Your response should contain exactly the lines running from the one with "MiniMax-3 IEI Single" to the end of the data below, both included, and no pictures.

[Data records]
◇ ◇ ◇

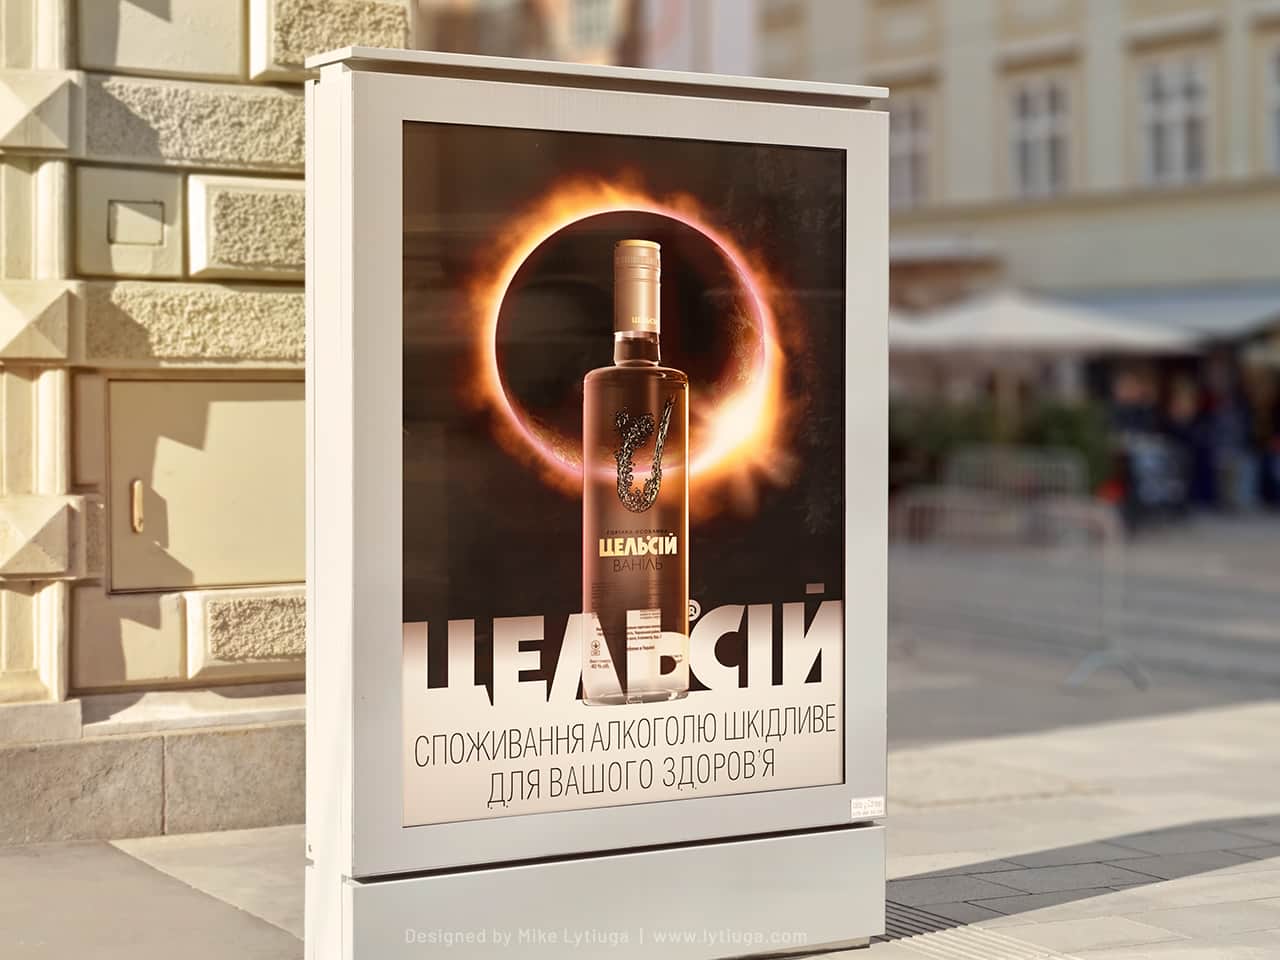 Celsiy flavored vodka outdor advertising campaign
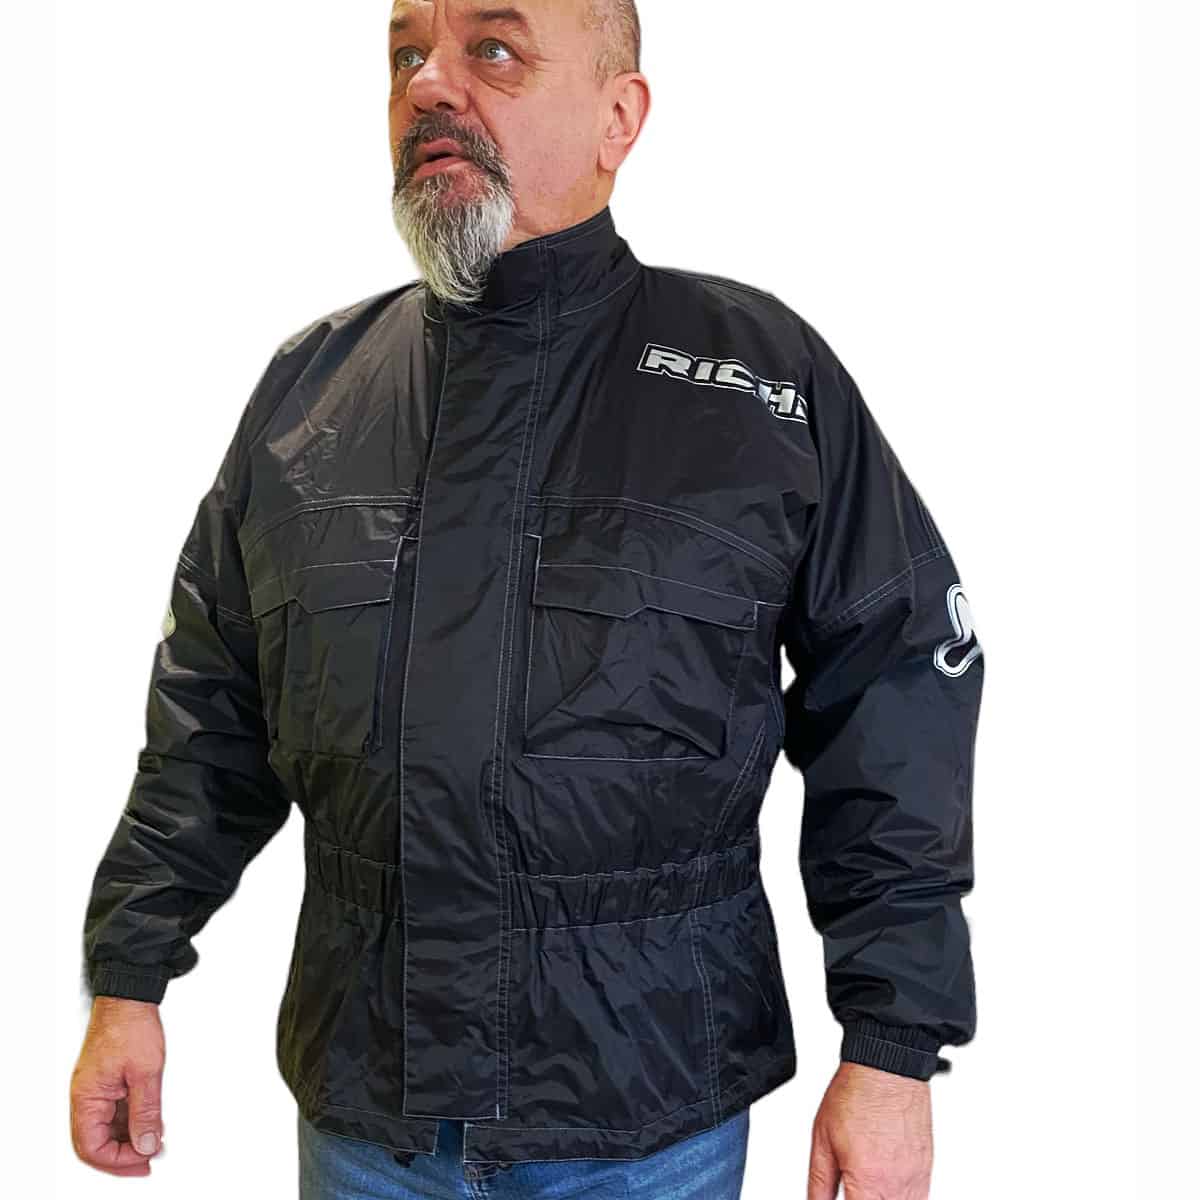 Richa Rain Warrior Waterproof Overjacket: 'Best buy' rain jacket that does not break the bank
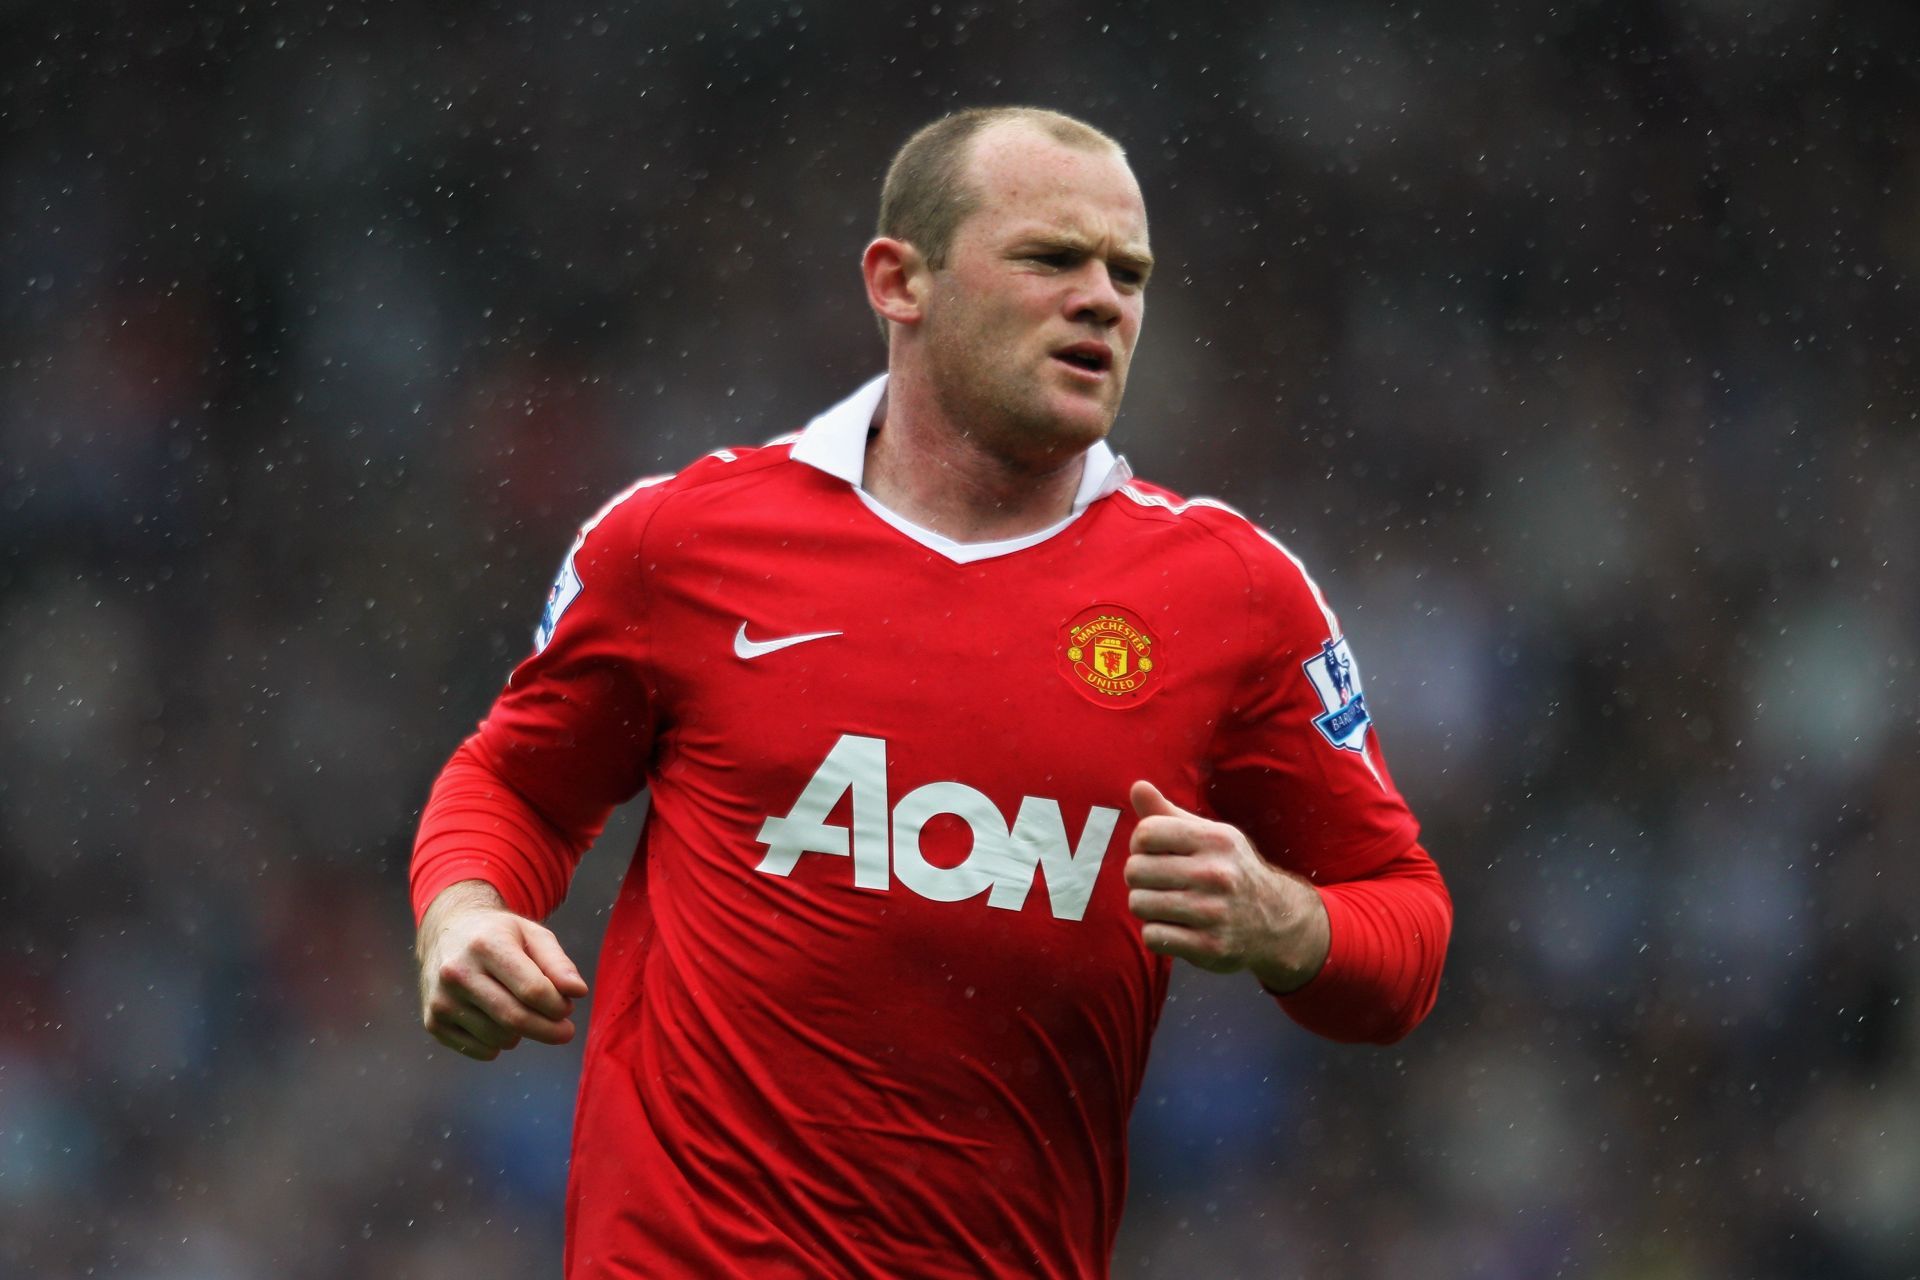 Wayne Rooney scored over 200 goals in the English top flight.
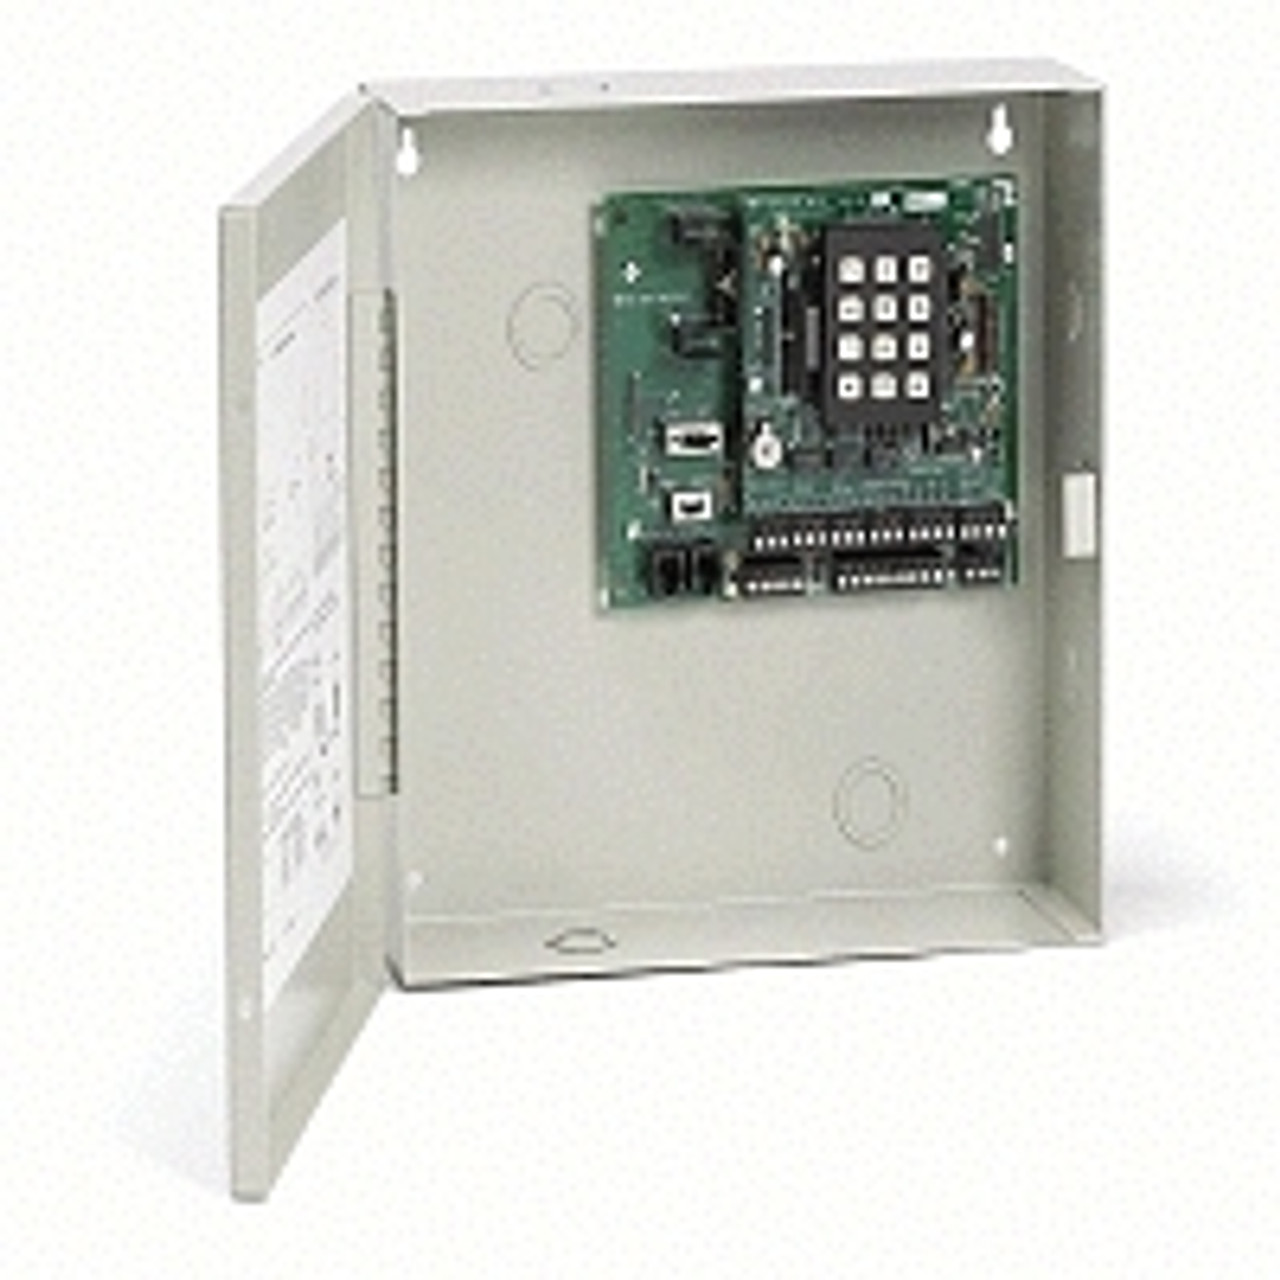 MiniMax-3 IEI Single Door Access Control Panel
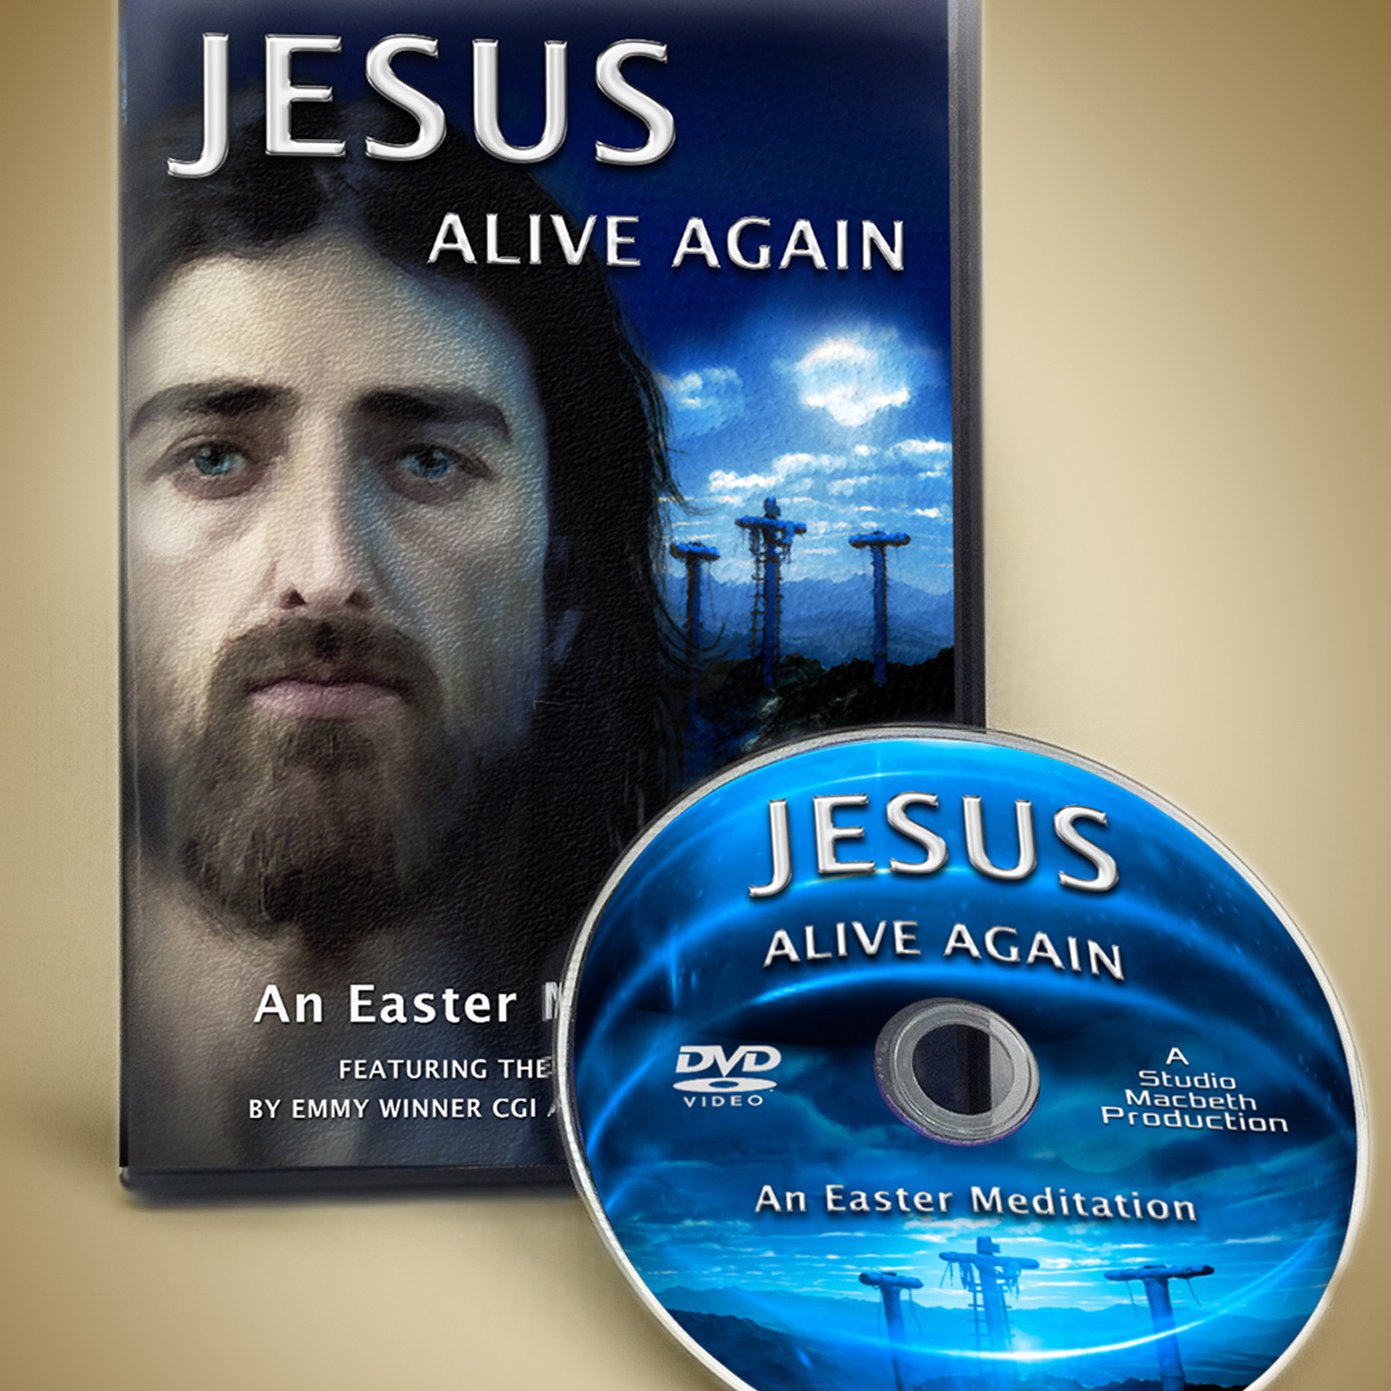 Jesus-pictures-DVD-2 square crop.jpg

◇ ◇ ◇

**ANSWER TO THIS TASK**
 MiniMax-3 IEI Single Door Access Control Panel
 Jesus-pictures-DVD-2 square crop.jpg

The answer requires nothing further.